You will see two type of clusters:

  • Management Cluster: it is typically a two node cluster running the management and infrastructure services. For example, if you want to virtualize the vCenter Server, the VM should be running on this cluster rather than the actual production clusters. Same thing holds true for other vCenter products like: AppSpeed, CapacityIQ, SRM and so forth. There are two reasons for doing that: the first, we don’t want to run into the problem where vCenter Server is not accessible (there are some examples published in the community but my favorites are Jason Boche’s Catch22s!). The second reason, we don’t want to either affect our workloads’ performance with our management virtual appliances or vice versa.
  • Production Clusters: You can see here two production clusters (Cluster A and Cluster B). The take away from that is the following:
    • You don’t have to stick with that number of hosts per cluster, it depends on what you want to achieve, and also on some configuration maximums that may or may not limit you.
    • The nodes have to be spanned across the two chassis as numbered and illustrated in (Config 1). There are two reasons for that: Firstly, you don’t want your whole cluster to fail in an unluckily event when a whole chassis fails. Secondly, you have to keep in mind that VMware HA selects the first 5 hosts in the cluster and promote them as a “Primary” nodes, if they fail, your HA cluster fails.

The Blades:

You will see two consistent blades throughout the first four configurations, the HS22 and the HS22V. Both blade servers share the same IO expansion capabilities, however, there are a some differences between them. For example, the HS22V has no hot swappable HDD but it is superior in the memory capacity (144GB compared to 96GB in the HS22). In part-two of this article, I’ll talk in details about the new HX5 and what it can bring to the table in terms of scalability.

The Expansion cards:

Every HSxx blade comes with two onboard 1Gbps Ethernet ports for basic networking. They will always show in vSphere as vmnic0, and vmnic1. These ports are in turn mapped to Bay 1 and Bay 2 in the chassis. Of course no one recommends implementing vSphere using 2 x 1GbE ports in an enterprise environment (although it will technically work), so we will use here what we call: expansion cards. There are two slots for expansion cards in any HS22/V blade, the first one is called CIOv (for vertical expansion modules) and CFFh (for the horizontal fast IO modules). The CIOv is usually used with the FC HBAs (although we will see later how we will utilize it for iSCSI connectivity), and they are mapped to Bay 3 and Bay 4 in the chassis. The CFFh on the other hand is mapped to four fast expansion modules (7, 8, 9 and 10). I say fast because this is the only card that can leverage the 10GbE connectivity (or Infinibad but it’s not relevant to our series). Depending on the configuration, you will see how we will use different cards to support our designs, however, the onboard 2 x 1GbE port will be always common, and always there.

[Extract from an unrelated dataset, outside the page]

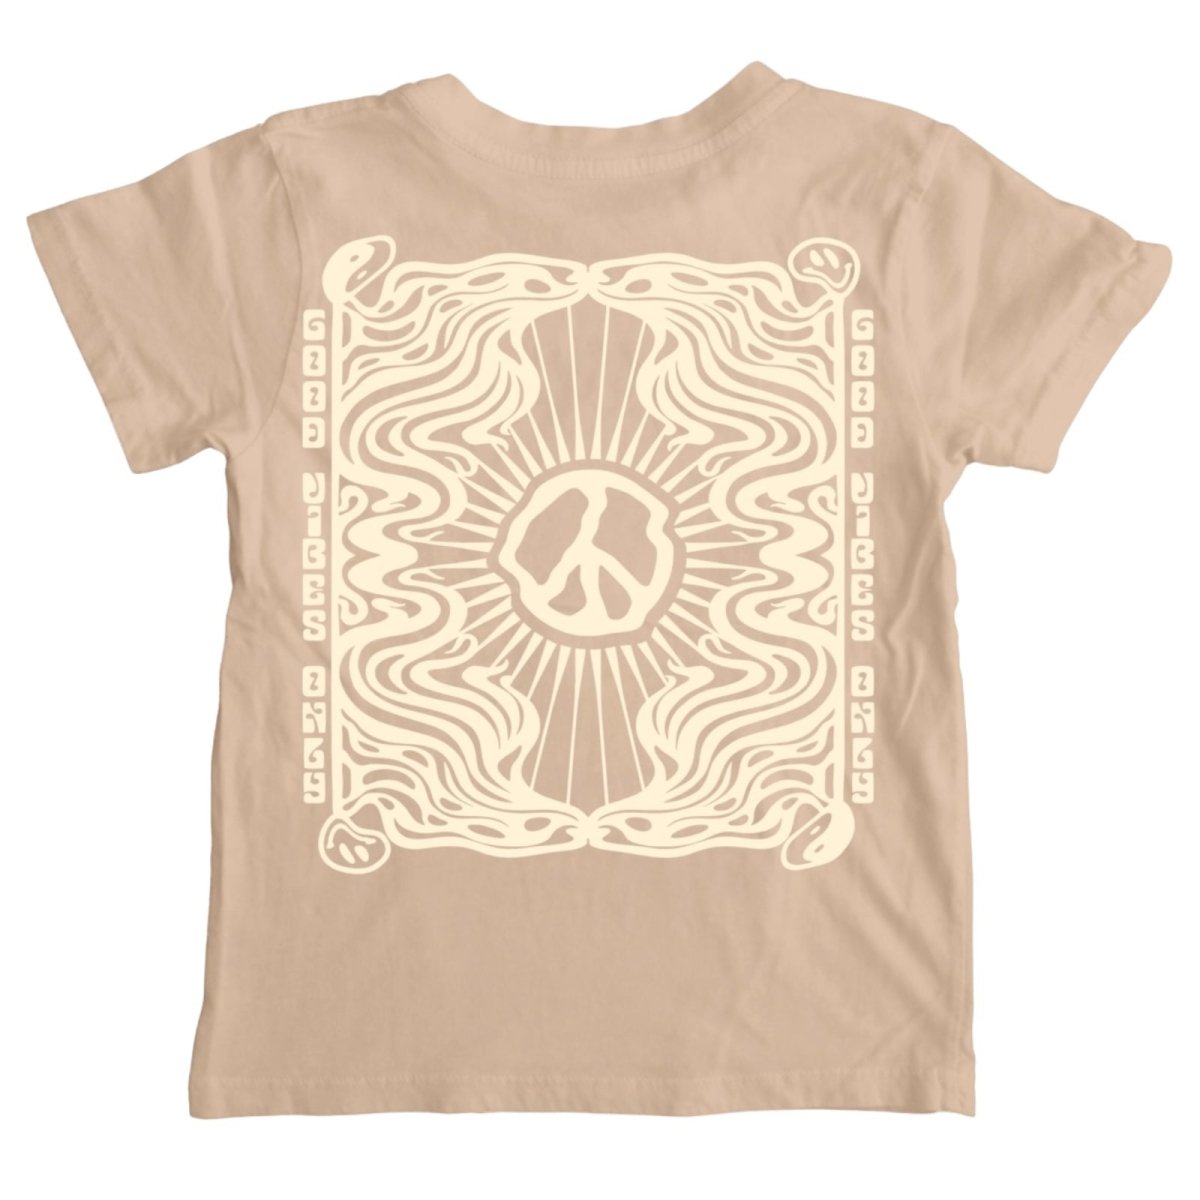 GOOD VIBES PEACE SIGN TSHIRT - TINY WHALES

Now that we’ve talked about the common stuff, let’s start talking about the unique configurations. Oh yes, we were just warming up!

CONFIGURATION (1):

We have in this configuration 6 x 1GbE pNICs per blade to support our MGMT, VMkernel and Virtual Machine networks. We teamed three pNICs here in a vNetwork Standard Switch (vSS) to serve the SC, vMotion and FT. The other three pNICs are teamed in a vNetwork Distributed Switch (vDS) to serve the VM networks. Let’s dig litter deeper on how this is done.

As mentioned earlier, we have three type of IO ports on the blades: the onboard ports, the CIOv, and the CFFh. In order to achieve the maximum availability, we teamed one onboard port with a couple of ports from the CFFh card. In this case, if we had a failure in any IO port (on board or expansion card) we will be able to tolerate that failure.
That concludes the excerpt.